Removing these officials does not leave a void in Iran but simply removes the last vestiges of internal debate within the Iranian security apparatus.
Consider also that while U.S. and Israeli officials might view these killings as a sign of regime weakness, Iranian hard-liners use them as a powerful tool for internal consolidation. The narrative of a nation under siege by foreign assassins allows the military to suppress domestic dissent and justify its securitization of the Iranian economy. In other words, Iran’s transition from a clerical autocracy to a Praetorian guard state is being funded and fueled by the very strikes intended to weaken it.
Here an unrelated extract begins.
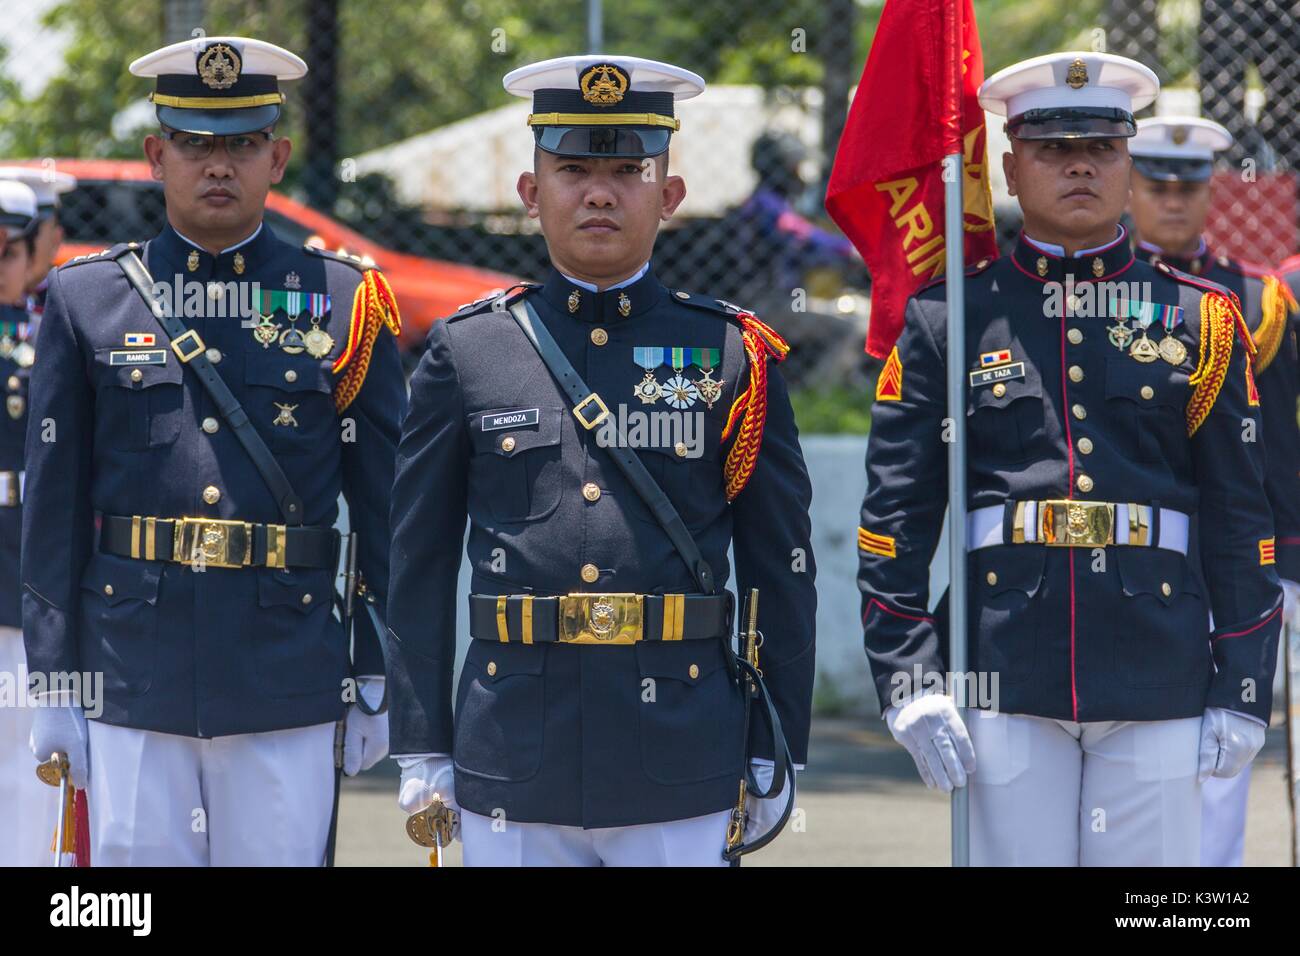 Philippine Marines Stand In Formation During A Honors Ceremony For K3W1A2 
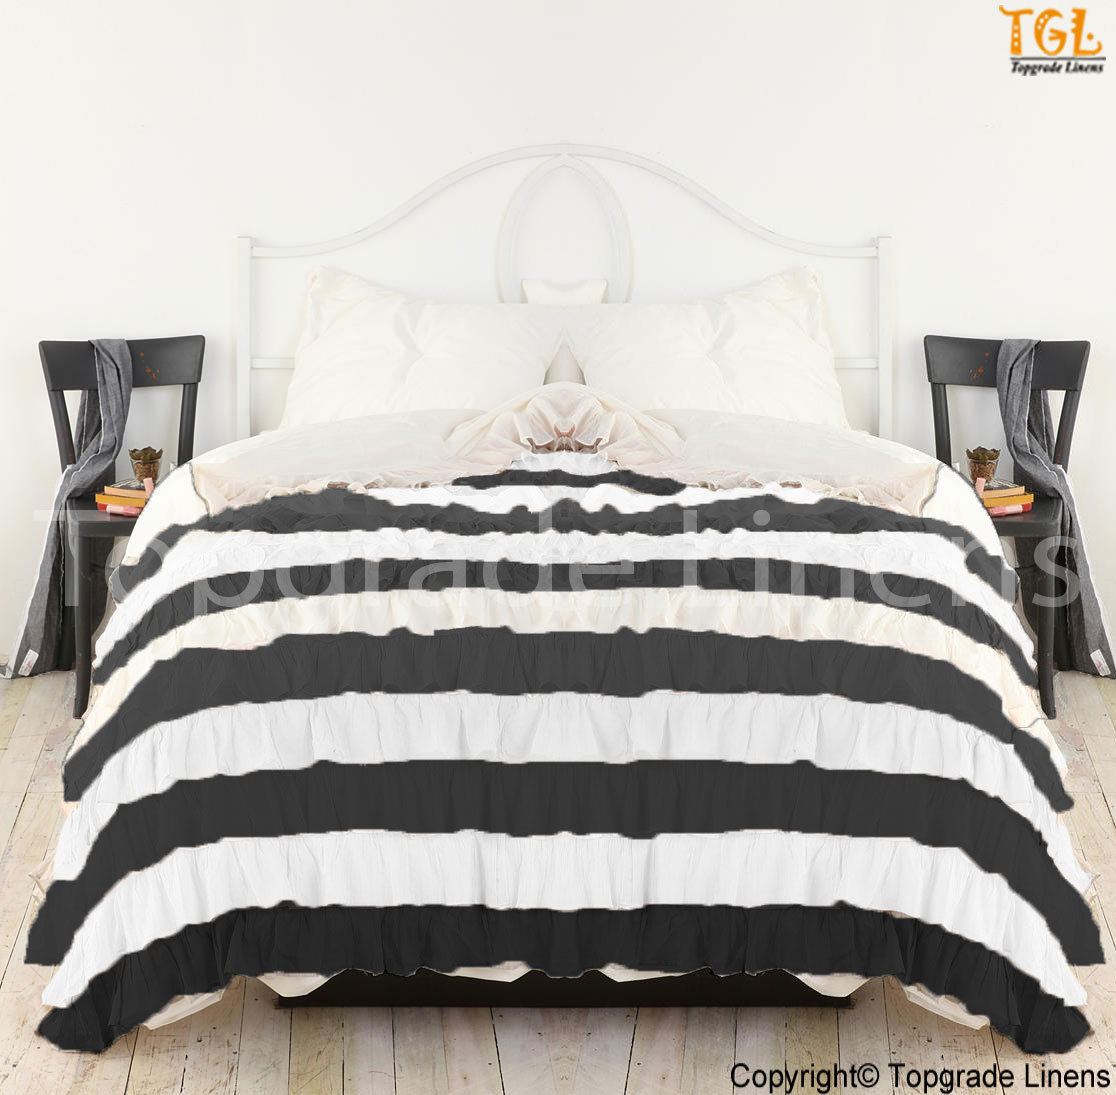 New 1000TC Egyptian Cotton Waterfall Twin Color Ruffle Duvet Cover - All Sizes - $159.99

The decapitation of Iran’s Intelligence Ministry is a tactical success that masks a strategic failure. It has simplified the Iranian power structure by removing the voices of caution and institutionalizing the most aggressive factions of the military. It runs counter to efforts to make the world safer or to force Tehran to the negotiating table. Israel’s Ministry of Defense might call the strike a milestone, but Washington and its allies are not witnessing the collapse of a regime; rather, they are effectively shepherding the birth of a more streamlined, more militant and more unpredictable adversary. A post-Khamenei regime run by hard-liners is not a challenge that can be solved by a missile strike. It is a new global reality that the U.S. is unprepared to manage.